Required work
Every line of the data must appear again in the answer, exactly as written.

Information given
______________________________
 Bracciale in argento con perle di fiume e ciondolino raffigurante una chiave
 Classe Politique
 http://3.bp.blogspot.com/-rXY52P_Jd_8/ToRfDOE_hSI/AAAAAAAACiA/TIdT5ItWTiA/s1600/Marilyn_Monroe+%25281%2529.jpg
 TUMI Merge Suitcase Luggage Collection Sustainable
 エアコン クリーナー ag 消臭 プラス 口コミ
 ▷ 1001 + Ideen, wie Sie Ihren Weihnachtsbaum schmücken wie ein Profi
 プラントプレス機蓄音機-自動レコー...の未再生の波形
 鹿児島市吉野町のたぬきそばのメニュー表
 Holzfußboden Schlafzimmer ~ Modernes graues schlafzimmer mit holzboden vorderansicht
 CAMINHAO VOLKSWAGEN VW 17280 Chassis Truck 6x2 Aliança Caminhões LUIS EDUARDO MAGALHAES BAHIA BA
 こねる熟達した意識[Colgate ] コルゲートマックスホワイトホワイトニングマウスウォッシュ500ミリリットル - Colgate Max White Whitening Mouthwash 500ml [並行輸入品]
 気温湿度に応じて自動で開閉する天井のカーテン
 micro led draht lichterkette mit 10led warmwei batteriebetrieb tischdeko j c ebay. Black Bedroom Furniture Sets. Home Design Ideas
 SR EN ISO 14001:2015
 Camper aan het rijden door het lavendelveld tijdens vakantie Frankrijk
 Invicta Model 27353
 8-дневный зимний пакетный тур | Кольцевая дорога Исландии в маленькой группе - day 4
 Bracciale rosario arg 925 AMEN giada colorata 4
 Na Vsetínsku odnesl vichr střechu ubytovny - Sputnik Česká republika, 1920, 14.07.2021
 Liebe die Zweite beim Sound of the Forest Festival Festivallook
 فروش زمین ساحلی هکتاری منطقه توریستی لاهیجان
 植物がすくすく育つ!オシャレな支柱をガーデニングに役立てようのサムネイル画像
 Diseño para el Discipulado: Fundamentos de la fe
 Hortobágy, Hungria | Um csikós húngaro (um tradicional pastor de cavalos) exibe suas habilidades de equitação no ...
______________________________
Output for this task
 Bracciale in argento con perle di fiume e ciondolino raffigurante una chiave
 Classe Politique
 http://3.bp.blogspot.com/-rXY52P_Jd_8/ToRfDOE_hSI/AAAAAAAACiA/TIdT5ItWTiA/s1600/Marilyn_Monroe+%25281%2529.jpg
 TUMI Merge Suitcase Luggage Collection Sustainable
 エアコン クリーナー ag 消臭 プラス 口コミ
 ▷ 1001 + Ideen, wie Sie Ihren Weihnachtsbaum schmücken wie ein Profi
 プラントプレス機蓄音機-自動レコー...の未再生の波形
 鹿児島市吉野町のたぬきそばのメニュー表
 Holzfußboden Schlafzimmer ~ Modernes graues schlafzimmer mit holzboden vorderansicht
 CAMINHAO VOLKSWAGEN VW 17280 Chassis Truck 6x2 Aliança Caminhões LUIS EDUARDO MAGALHAES BAHIA BA
 こねる熟達した意識[Colgate ] コルゲートマックスホワイトホワイトニングマウスウォッシュ500ミリリットル - Colgate Max White Whitening Mouthwash 500ml [並行輸入品]
 気温湿度に応じて自動で開閉する天井のカーテン
 micro led draht lichterkette mit 10led warmwei batteriebetrieb tischdeko j c ebay. Black Bedroom Furniture Sets. Home Design Ideas
 SR EN ISO 14001:2015
 Camper aan het rijden door het lavendelveld tijdens vakantie Frankrijk
 Invicta Model 27353
 8-дневный зимний пакетный тур | Кольцевая дорога Исландии в маленькой группе - day 4
 Bracciale rosario arg 925 AMEN giada colorata 4
 Na Vsetínsku odnesl vichr střechu ubytovny - Sputnik Česká republika, 1920, 14.07.2021
 Liebe die Zweite beim Sound of the Forest Festival Festivallook
 فروش زمین ساحلی هکتاری منطقه توریستی لاهیجان
 植物がすくすく育つ!オシャレな支柱をガーデニングに役立てようのサムネイル画像
 Diseño para el Discipulado: Fundamentos de la fe
 Hortobágy, Hungria | Um csikós húngaro (um tradicional pastor de cavalos) exibe suas habilidades de equitação no ...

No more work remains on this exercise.